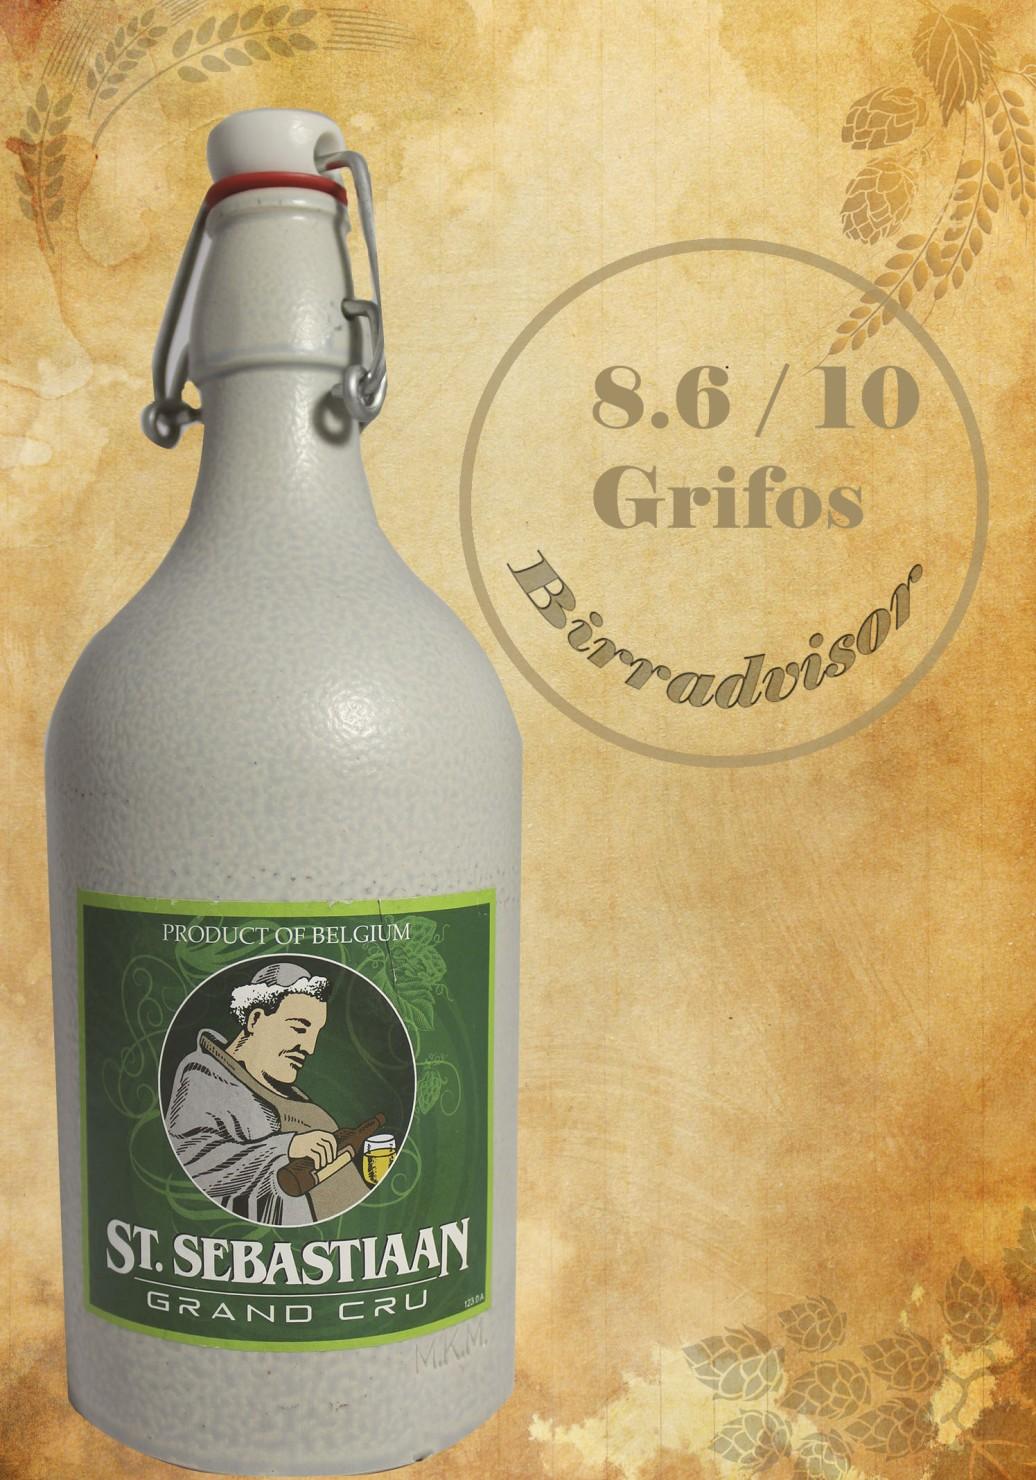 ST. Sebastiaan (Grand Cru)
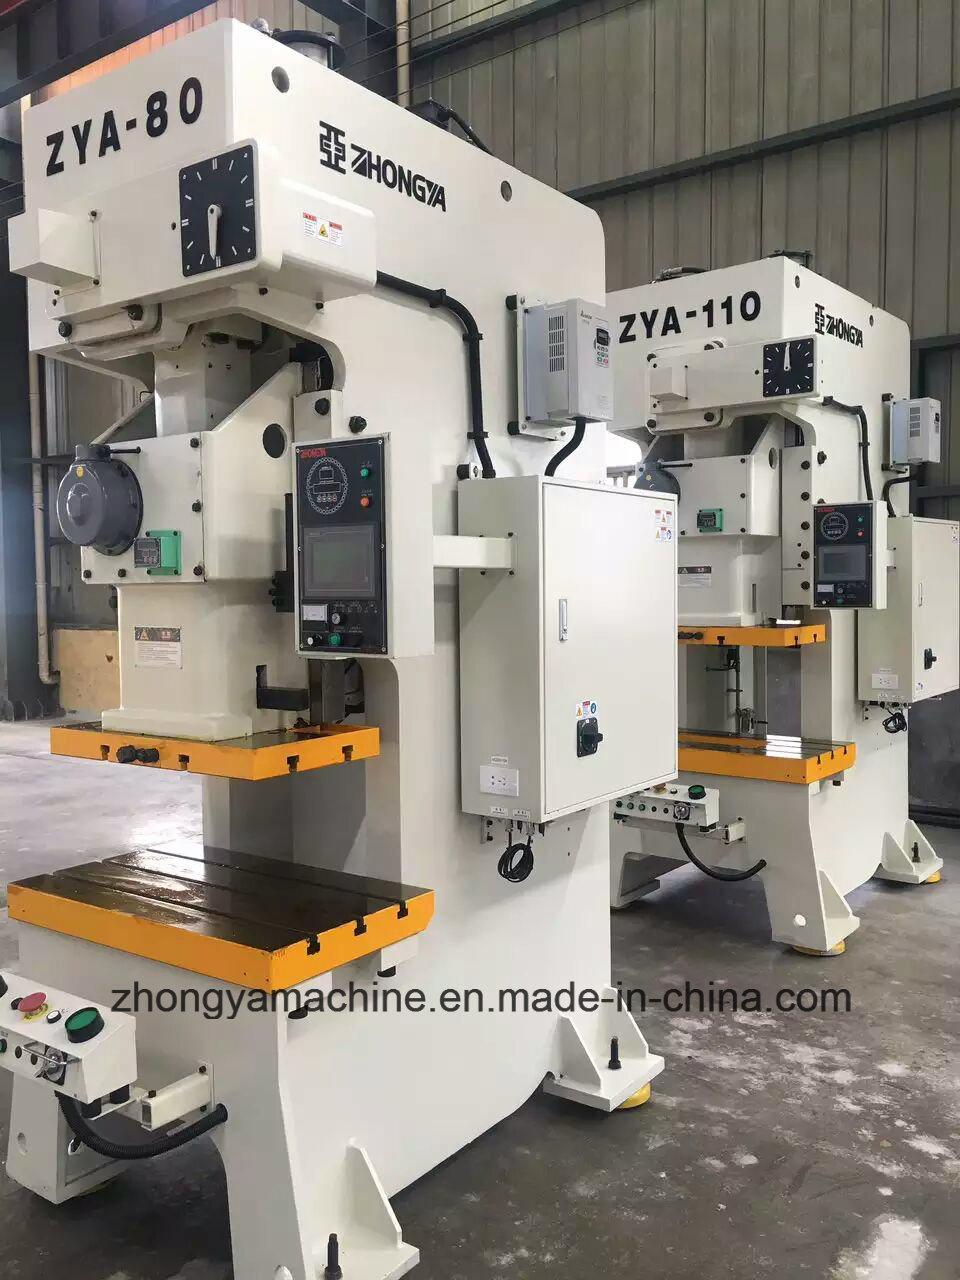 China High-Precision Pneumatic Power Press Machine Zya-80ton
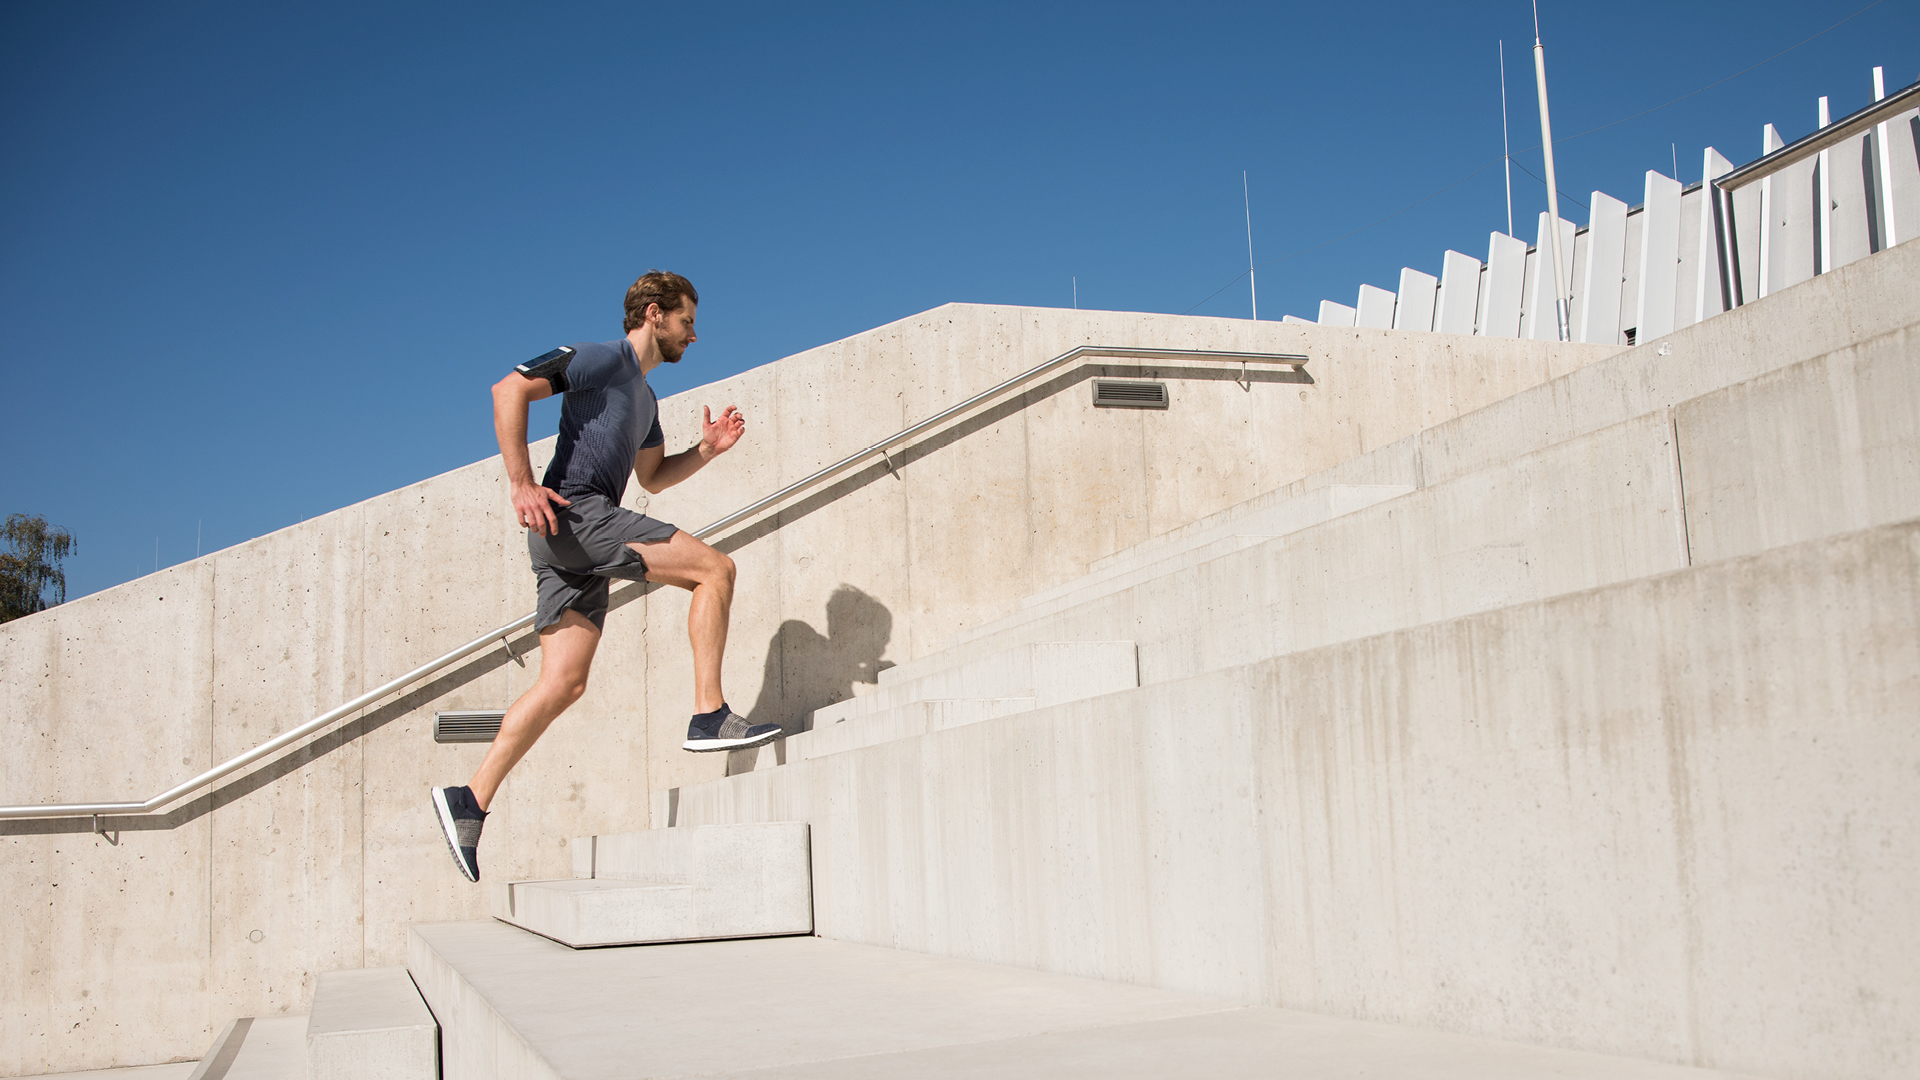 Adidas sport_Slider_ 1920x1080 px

━━━━━━━━━━━━━━━━━━━━━━━━━━━━━━

About this exercise:
Return the material above exactly; the images stay out.

Result for this task:
 ST. Sebastiaan (Grand Cru)
 China High-Precision Pneumatic Power Press Machine Zya-80ton
 Adidas sport_Slider_ 1920x1080 px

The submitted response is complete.